Russian and Soviet societies hold a record in the number of tyrants per century. The rule of Nicholas II, Lenin, Stalin, and Brezhnev, whom historians classify as enemies of humankind, stretched for almost a hundred years. The people were sick and tired with endless tyranny, but the latter was a customary backdrop in the lifetime of many generations. The extolment of and a cynical attitude to the authorities formed a single mass of contradictions that manifested itself in the nicknames of and jokes about despots.
Vladimir Putin came to power as a politician unknown in the world but already famous among the Moscow and St. Petersburg elites. In the very first days of his rule, the newspaper Sovershenno sekretno disclosed the nicknames attached to him in the different periods of his career growth. The past of Mr. Putin as a security officer was associated with such aliases as “Moth,” “Baby Rat,” “Kaputin,” and “Khaputin.” He was known at Anatoly Sobchak’s court as “Stasi” and “Vice-Sobchak,” and after the waste-‘em-all Caucasus operations as “Toilet Putling,” “Ugly Putling,” and “Putler.”
It must be emphasized that, by contrast with Western experts who were tormented with the question “Who is Mr. Putin?” almost until 2009, the witty grassroots saw through him in the very first days of his rule.

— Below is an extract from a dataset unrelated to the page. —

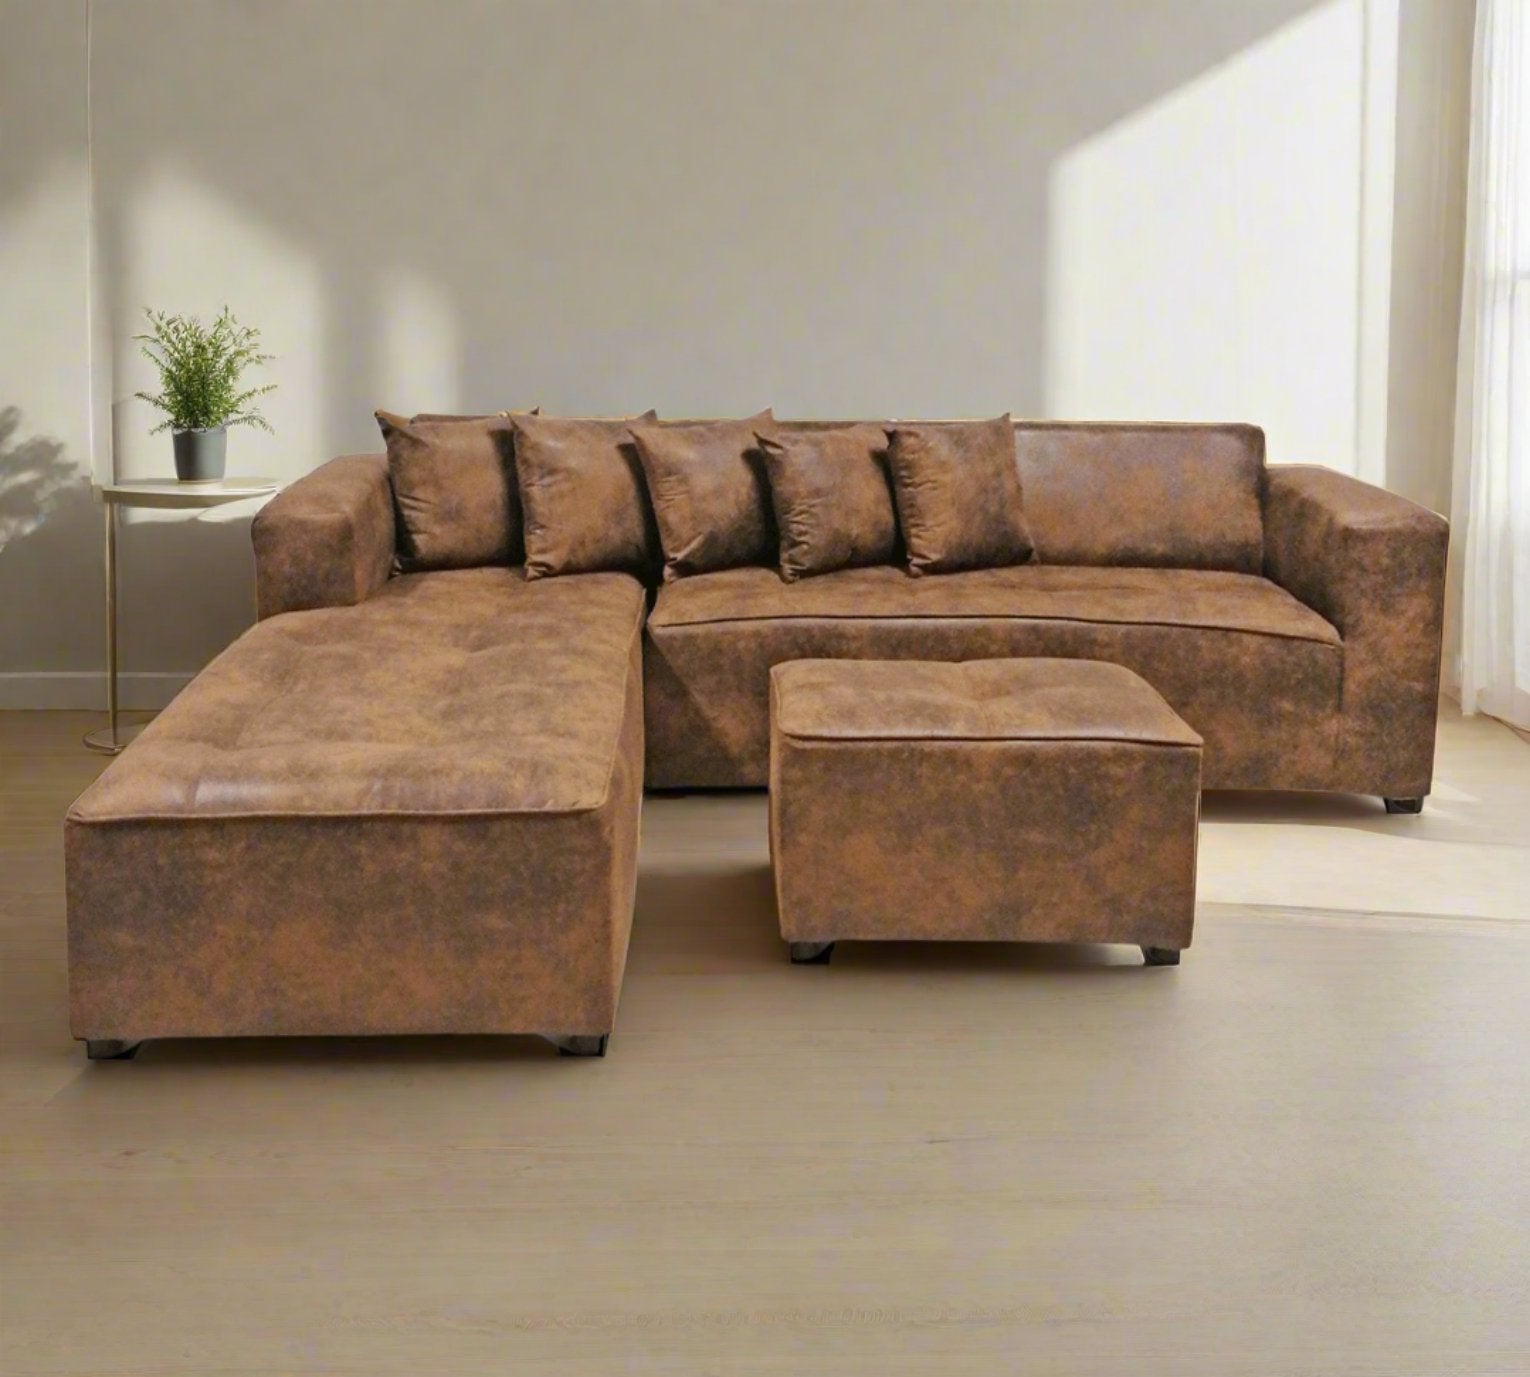 Bongi Corner Couch - That Couch Place

A long period of time in power does not, alas, make dictators wiser and softer. On the contrary, each of them becomes more and more suspicious and cruel if he manages to avoid serious maladies. Therefore, the evolution of Putin’s nicknames in fact mirrored his deteriorating moral condition. The unrestrained leader of Russia continued – in his words and actions – to exude loutishness, ignorance, and aggression. He finally began to lie overtly and go back on his own promises. But this kind of behavior is not welcomed even in the dictators’ community. In other words, Putin has overstepped the limits. Accordingly, the public appraisal of his persona has also exceeded the limits of decency in the shape of an unprintable idiom.
In all probability, this is a damning indictment not only to Putin, but also to the whole dictatorial system of rule, as disgraceful as the nickname of an individual who is trying to bring the world in line with his own illusions. He will remain in history with this nickname, and the only question is whether it will be preceded with the word “Bloody.”